In part 1 of Our Story I shared to my fellow Tru.Workers how obsessive I was on finding the love of my life. I wanted to find my husband and fulfill my fairytale so bad that I dropped my standards and gave myself up to anyone. I don’t mean that I gave myself up sexually.I mean I gave myself up and tried so hard with boys over and over again that didn’t want what I want.
When I turned 18, I decided to get baptized and had a vision of the way my life was going to be if I continued the way I was. Long story short, it was what most people call an epiphany. I called it a realization from God. Either way, there was a man that I finally noticed. A man that when I met him God told me he was going to be my husband but at 16, I wasn’t listening to God. I was looking for a specific person that fit the mold of my prince charming.
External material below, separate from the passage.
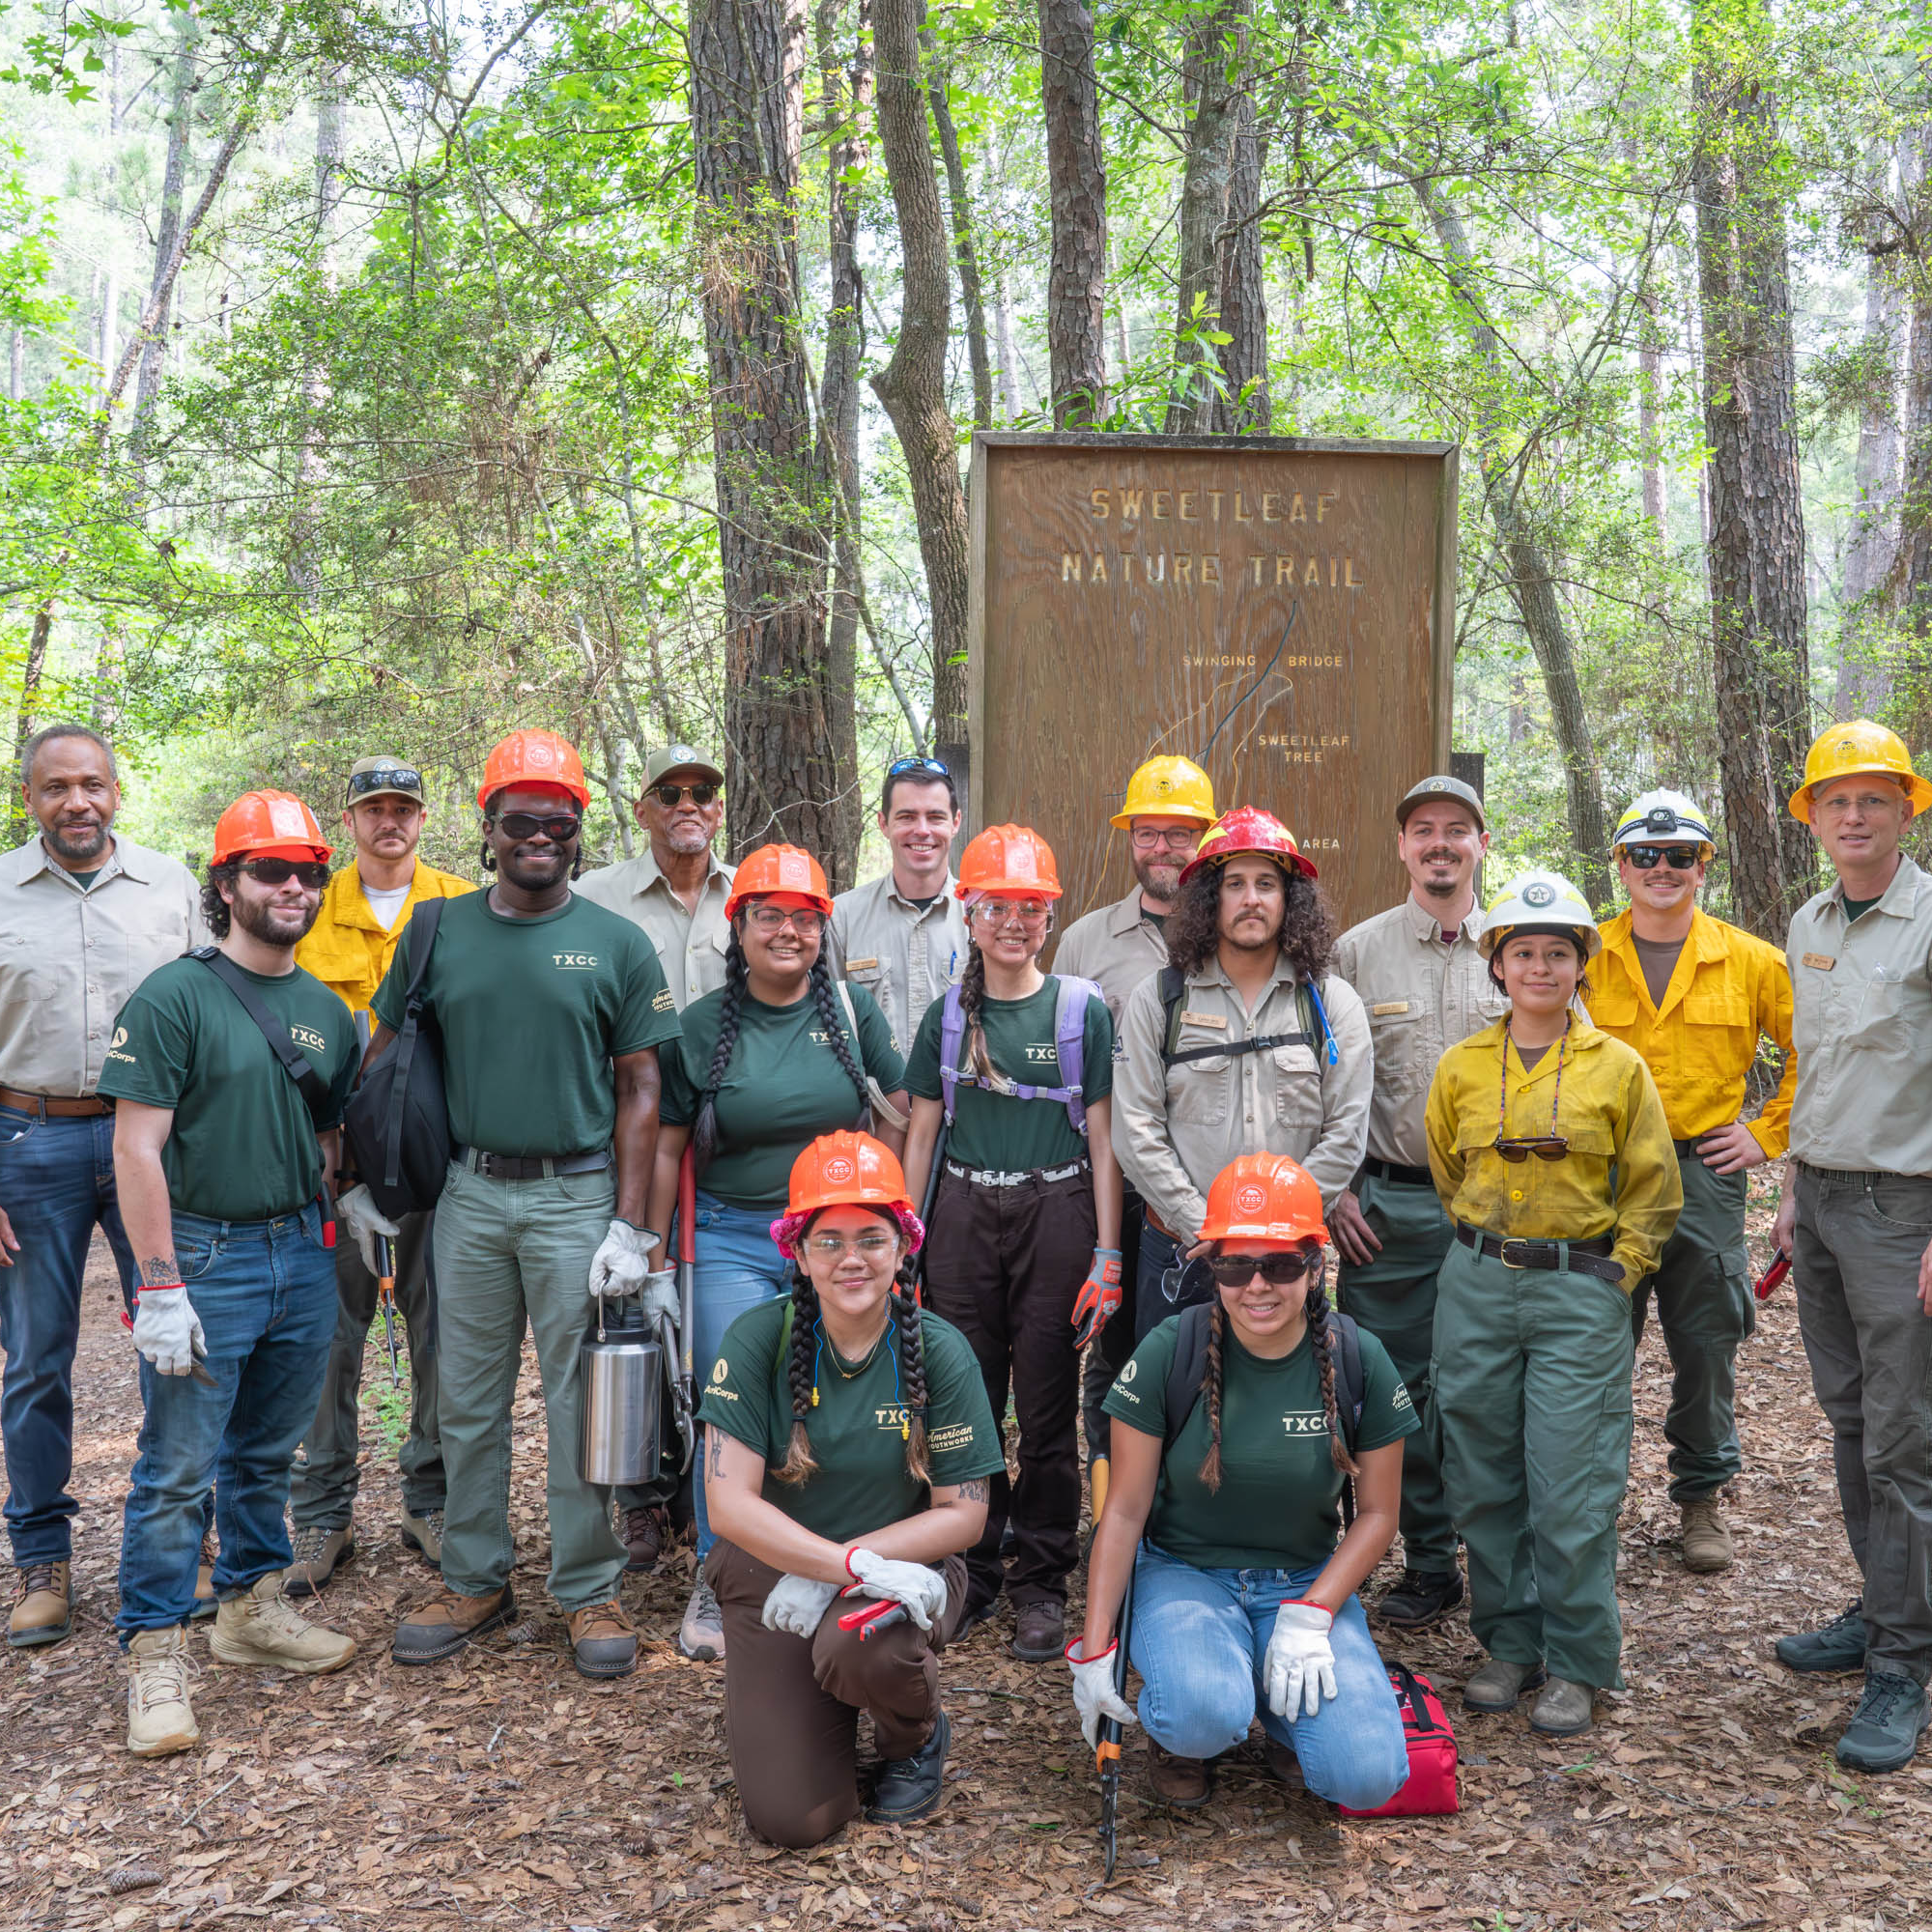 Crews from American YouthWorks helped restore parts of the W.G. Jones State Forest as part of their contribution to assist their community following last week’s damaging storms.

I remember when I met him, it was at my first day of work at my first job ever. McDonalds is where I met him and we worked there together for the next 4 years, When I started he was already there 2 weeks and was working the headset and speaking to clients through drive-thru.
I remember he looked at me and I saw him at the window. He was 14 and I was 16 and so to me he was a cute little boy. Then God told me, “He is your husband”. I remember I told God in my mind, no way! He’s cute but he’s too young for me. I introduced myself to him while clocking in one day, and wanted to be his friend. So I talked to him about his broken arm. He didn’t want to tell me how it broke but he did. He was playing football with a friend on a trampoline. To this day we thank his friend because if he didn’t break my husband’s arm I would’ve never had anything to talk to him about when we met.
As the months passed, My husband grew older, I dated boys and he dated also. Eventually I noticed that he liked me. I could tell because he paid attention to me a way no other boy did. He planned to hang out with me and we watch so many movies together. He would have me over so much and we would argue at McDonalds all day. Of course I grew fond of him and flirted with him any chance I got but I never considered him as a boyfriend.
Eventually, I cared for him but I denied loving him and that we were to be together. I wanted to choose my own destiny. To admit what I wanted is embarrassing but funny. As an 18 year old girl I wanted to be with an Asian man, and have asian children because I thought they were the cutest. I tried so hard to achieve that fantasy but it didn’t work.
After I ended it with my last boyfriend. My husband found out after I told the youth group I went to that he attended also. It was as if our friendship was restored and we forgave each other for our mistakes (my husbands side of the story is interesting also). He never asked me out. Even when I admitted I liked him. He never did. He didn’t have the guts.
Until one day.
One day I was to meet my husband’s sister at church and was to hang out with her. Their mom didn’t want me to walk at night all the way to the church from my house. Coincidentally, my husband had gotten off of work and McDonalds was downtown and so his mom forced him to walk me the rest of the way to the church. I was so nervous to see him. We haven’t spoken in days.
It wasn’t until that day that I realized that I hurt him. I hurt this man bad.